Inkshares raised follow-on seed rounds in 2016 and 2017, including participation from 555 Capital and prominent Hollywood angels including Warner Brothers' President of Film and Chief Creative Officer Greg Silverman.

=== Early premise and formation ===
The original notion presented by Woodman was to create a platform akin to “Kickstarter meets Random House” but complete with the ability to sell shares in a book so that readers could participate in the revenue stream for titles. At the time, while the Jobs Act had directed the SEC to create “equity crowdfunding,” the SEC had yet to promulgate rules, ultimately doing so multiple years later. Inkshares initially launched without the equity component, receiving extensive press in outlets including Fast Company and Publishers Weekly.

== Evolution of Inkshares ==

=== Evolution of funding model ===
The original Inkshares model was premised on donations. Inkshares generated funding goals based on page length and projected design and print costs, and patrons could donate as much as they would like. Multiple successful projects were funded during this period, including The Astronaut Instruction Manual and The Show.

Beginning in 2015, Thomas, Woodman, and Gomolin moved the model from donations to pre-orders, starkly limiting the amount any one person could donate to a project. The first project to fund under this new model was Abomination, the debut novel of Gary Whitta, screenwriter of The Book of Eli and Star Wars: Rogue One. Though this “pre-order” model made it harder for books to fund, Thomas, Woodman, and Gomolin believed that it would stop the type of vanity publishing that frequently occurred on Kickstarter and help map to genuine reader interest. During this period, Levitsky left the company to pursue his own imprint.

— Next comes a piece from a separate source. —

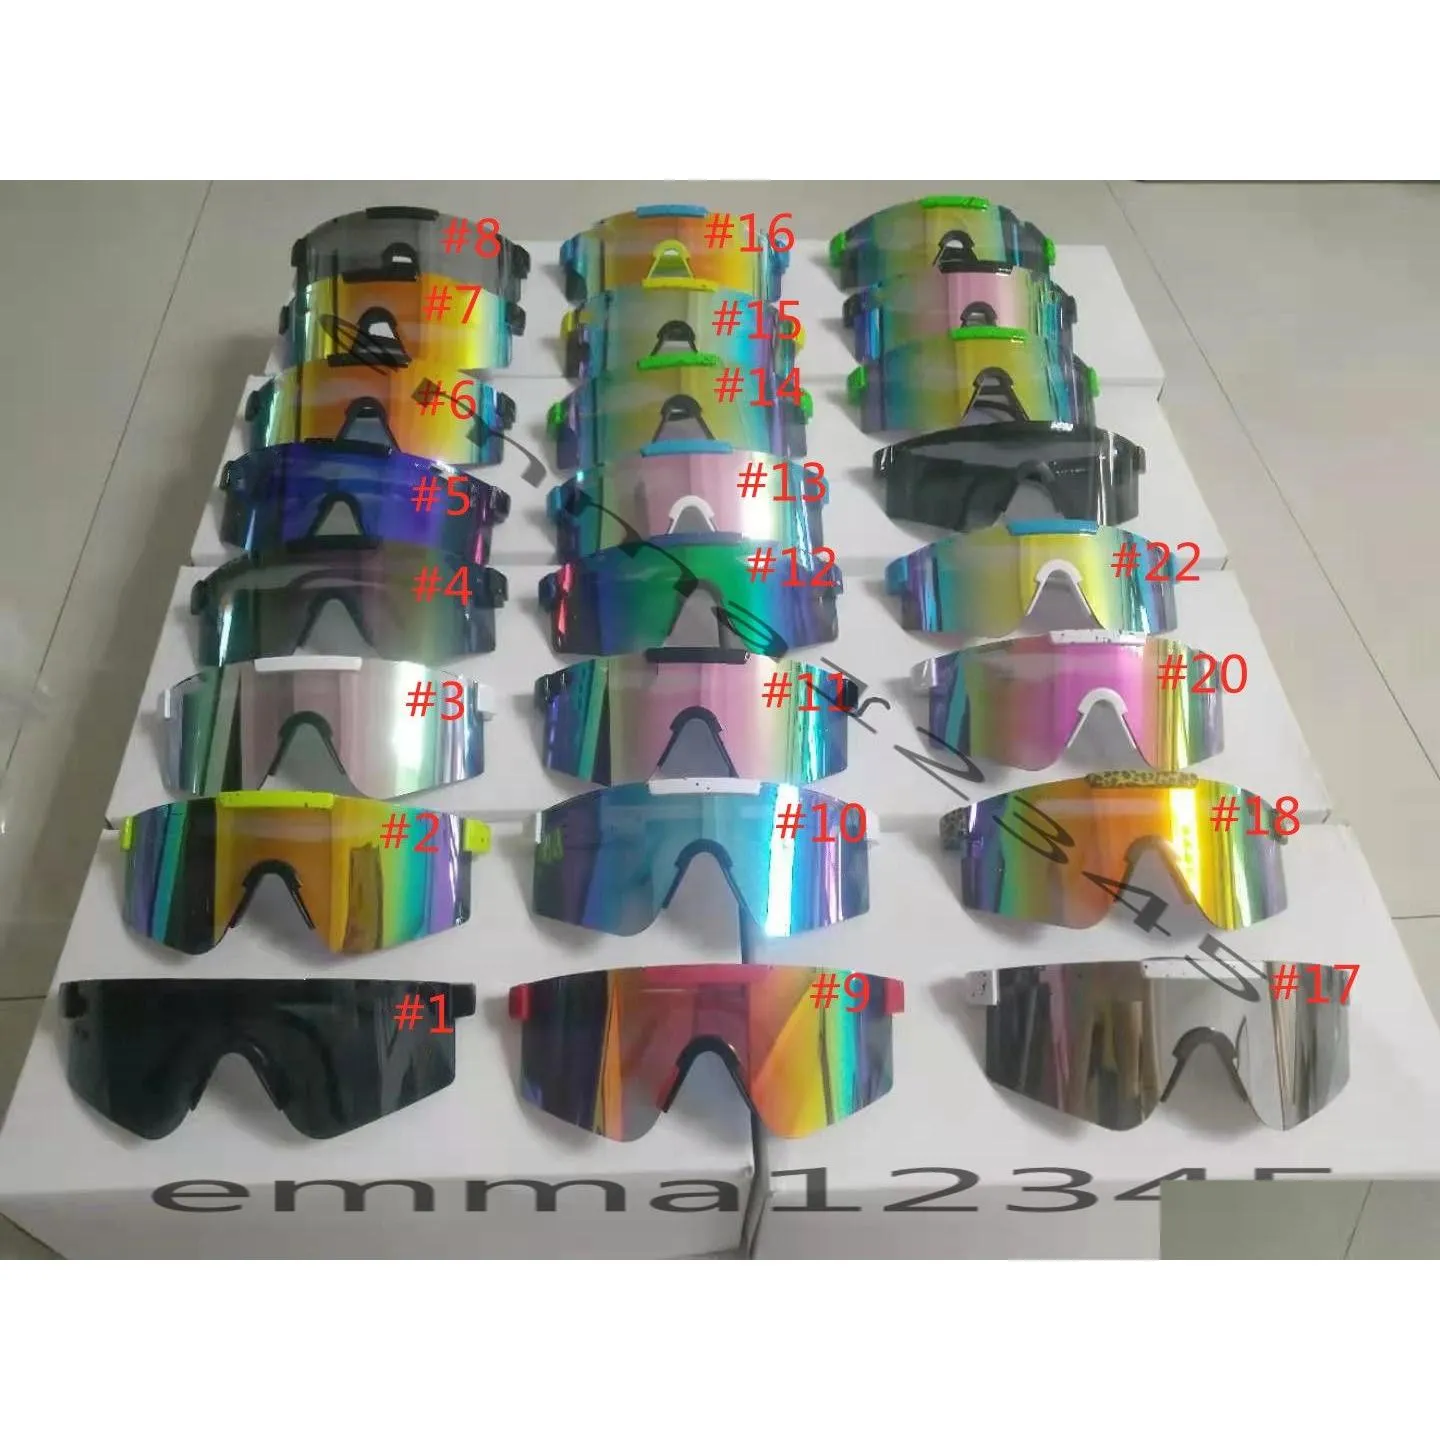 25 color original sunglasses cycling glasses fast ship mtb bicycle eyewear windproof ski sport no polarized uv400 for men/woman
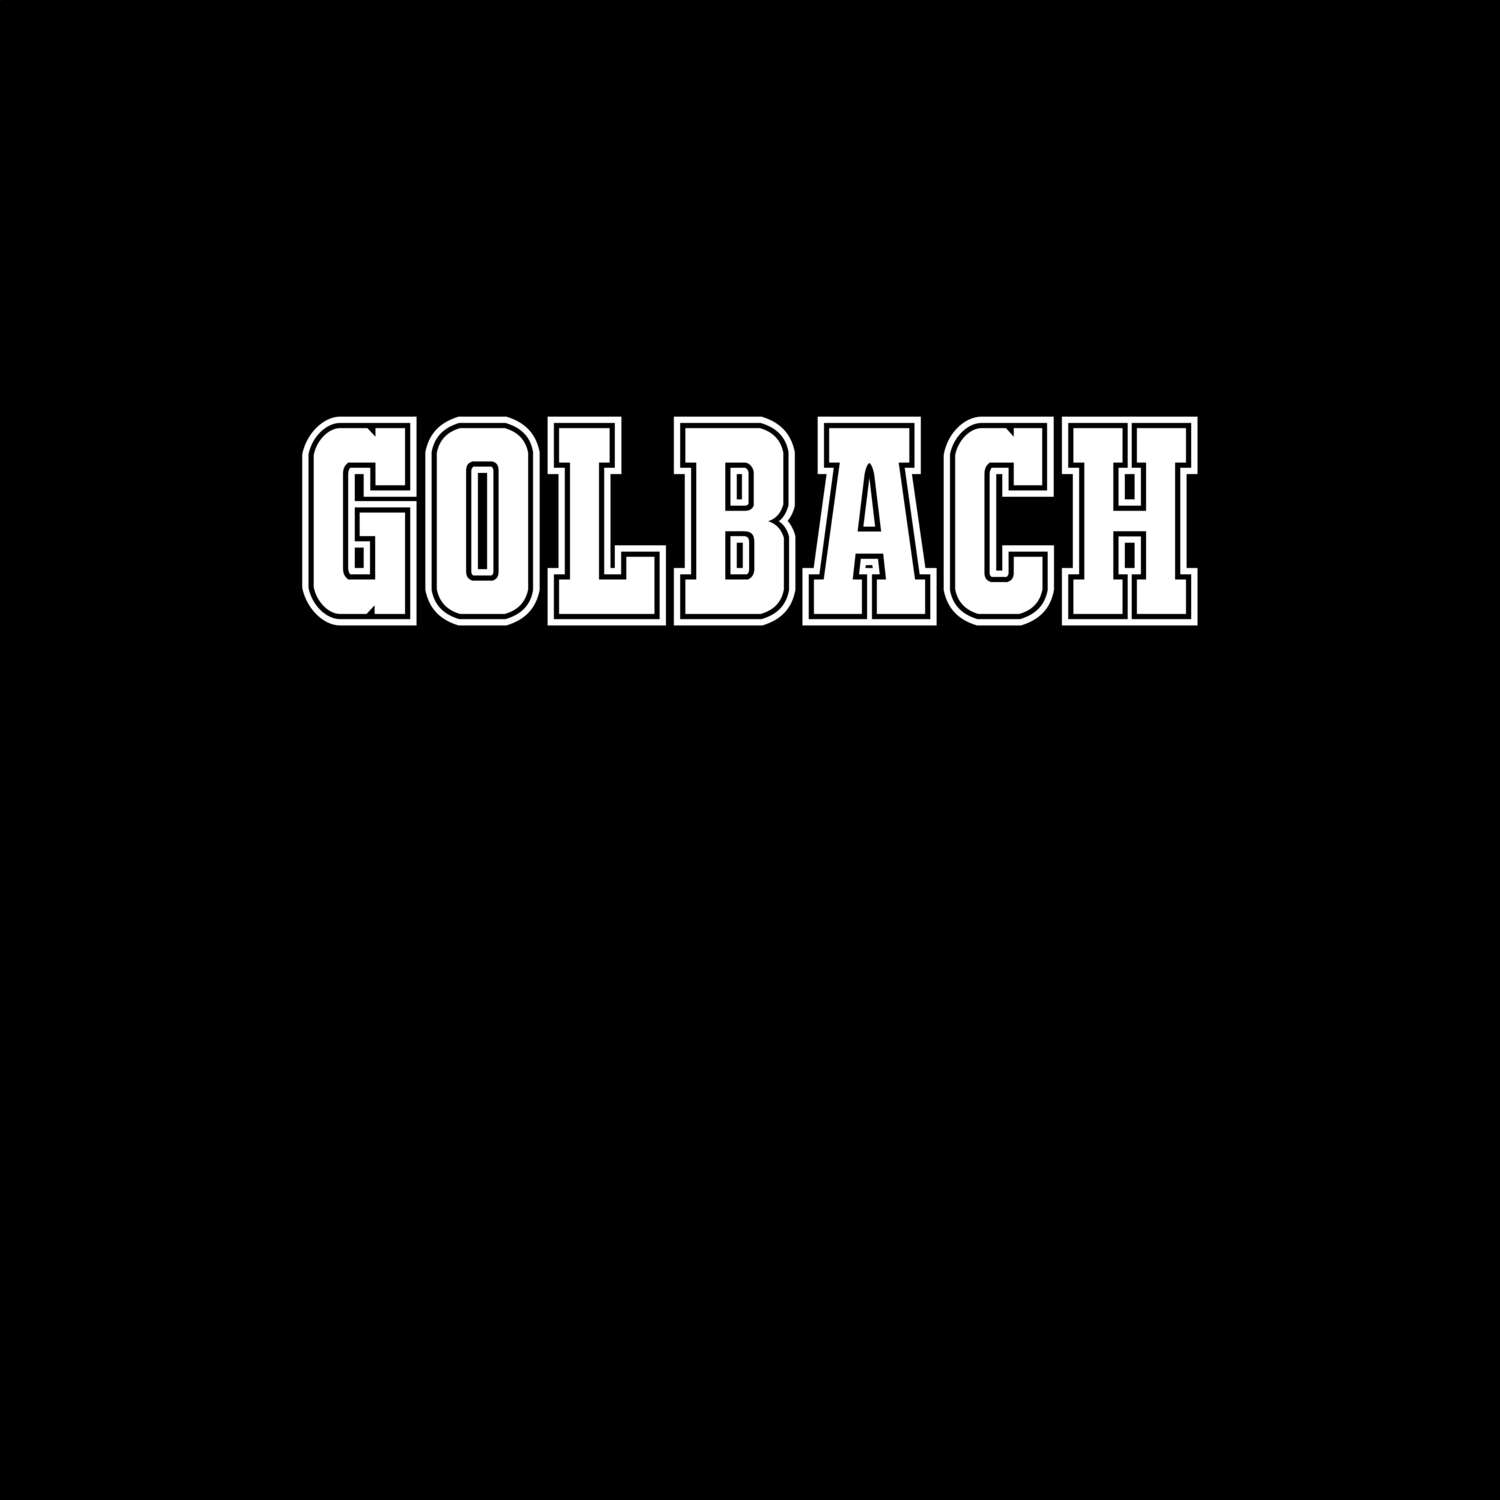 Golbach T-Shirt »Classic«

In late 2016, Inkshares began measuring non-monetary engagement such as shares, likes, and total times spent by readers on selected manuscripts. The first book published on the basis of engagement rather than pre-orders was Devil’s Call by J. Danielle Dorn.

=== Evolution of rights management ===
By early 2016, Inkshares was experiencing significant growth in not just publishing but rights management. This had always been a significant focus for Gomolin, who had been represented in Hollywood and as Inkshares' general counsel had written rights-management contracts into Inkshares’ first contracts in 2014. In 2015, Inkshares sold the streaming television rights for Filip Syta's The Show to Blackpills in a large deal publicized by Business Insider. Immediately following this, Inkshares sold the audiobook rights to Penguin Random House in a six-figure deal that was rumoured to be the largest debut-author audio deal of the year. Later that year, Inkshares would sell Mike Mongo’s The Astronaut Instruction Manual to Legendary Entertainment and J-F Dubeau's A God in the Shed to Skydance. Inkshares would follow these deals with myriad more sales in 2017, including the seven-figure deal for Tal Klein's The Punch Escrow, now in development at Lionsgate.